Trampolines: The 29-Byte Assert Stubs

sub_408064 and sub_408081 are 29-byte tail-call thunks at the low end of the binary, far from the rest of symbol_ref.c. Their entire body is a load of "/dvs/p4/.../symbol_ref.c" and a load of "make_new_hidden_name" (or "symbol_is_candidate_for_hiding") followed by a tail call to sub_4F2930 (the assertion handler). They exist because:

  1. Inlining the assertion site into 29 bytes is cheaper than a full call frame, but
  2. They have to live at a fixed address so that the assertion handler's stack-unwinder can map the return address back to a function name without per-translation-unit debug data.

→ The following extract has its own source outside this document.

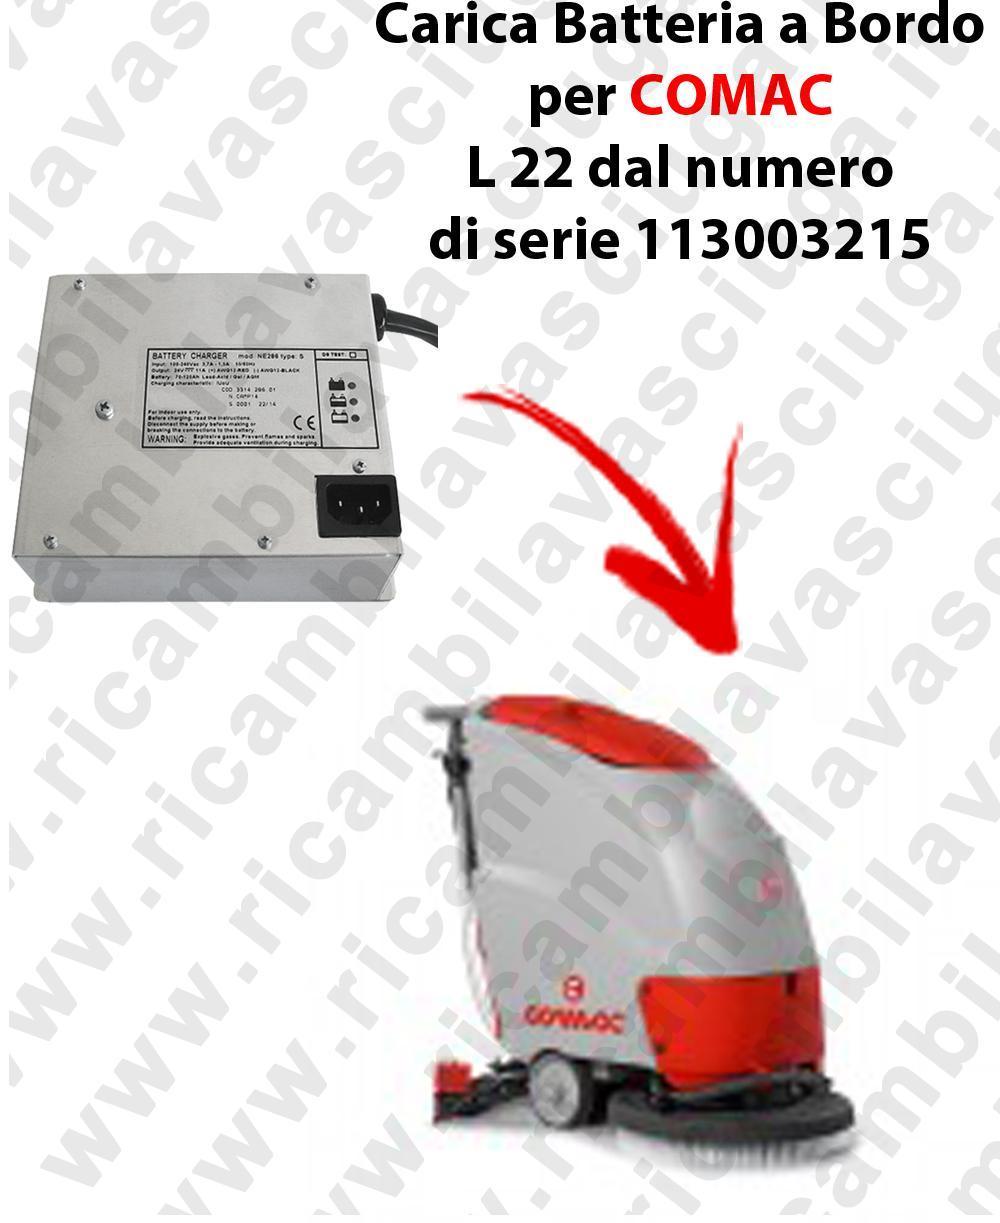 Carica Batteria a Bordo para fregadora COMAC L 22 dal numero di serie 113003215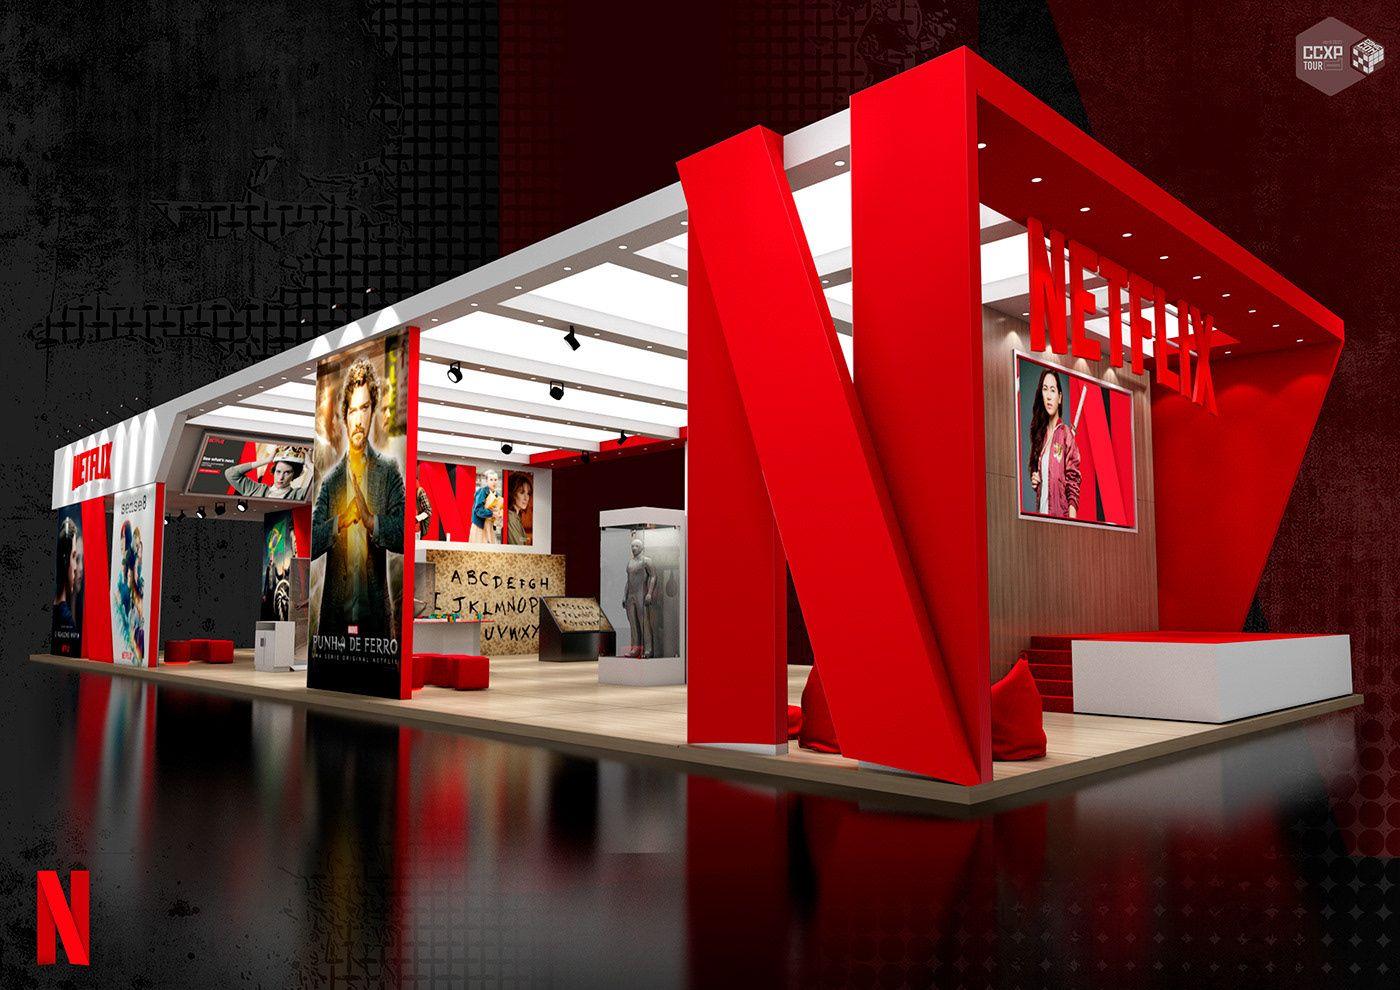 Bekijk Dit Behance Project Netflix Ccxp Tour 2017 Https Www Behance Net Gallery 720796 Trade Show Booth Design Exibition Design Exhibition Booth Design

The fact that they sit at 0x408064 and 0x408081 — adjacent to other early-binary stubs — suggests they are produced by a linker fragment or a __attribute__((cold))-style placement pass that hoists never-executed assertion paths out of hot code. The C source for them is effectively:

[[noreturn,cold]] void __assert_make_new_hidden_name(void) {
    assertion_handler("symbol_ref.c", LINE_OF_MAKE_NEW_HIDDEN_NAME,
                      "make_new_hidden_name", 0, 0);
}

— one per assert site, each in its own function so that the assertion handler can recover the exact line number from the return address.

State Globals

symbol_ref.c is largely stateless — it operates on entity nodes passed in from callers — but it does read several language-mode and trace globals shared with the rest of EDG:

GlobalPurpose
dword_106C2C01 = C++ language mode (suppresses C-only paths in check_name_hiding_by_parameter)
dword_106C32CCUDA architecture number (used to gate __nv_deprecated_attribute__ warnings)
dword_106B6E0Current-directive-errored flag, shared with the preprocessor
Pragma-stack headRead by deprecation check when the entity inherits its deprecation from a #pragma GCC diagnostic push

The CUDA cross-space check inside record_symbol_reference_full reads execution-space bits from a thread-local context stack maintained by the parser, not from a global — which is why no __device__/__host__ global appears in the global list. The execution-space bits live on the entity node itself (offset known to the IL layer) and on the current scope (offset known to the lookup engine).

Cross-References

  • record_symbol_reference_full is called from the Expression Parser at every identifier resolution and from the Declaration Parser at every default-argument site.
  • The CUDA host/device cross-space check inside record_symbol_reference_full is the enforcement arm of the rules documented in Cross-Space Call Validation.
  • The xref emission format "\t%c\t%s\t%lu\t%d\n" is consumed by external tools when --gen_module_id_file or --xref_output is passed; see CLI Flag Inventory.
  • Name-hiding diagnostics flow through the SARIF & Pragma Diagnostic Control layer for #pragma GCC diagnostic-style suppression.
  • Deprecation attribute interpretation overlaps with the Attribute System Overview; the [[deprecated("reason")]] reason string is rendered by the attribute layer and consumed here.
  • The deleted-function check feeds error catalog entries 1776 and 1778; see CUDA Error Catalog for the full numeric assignments.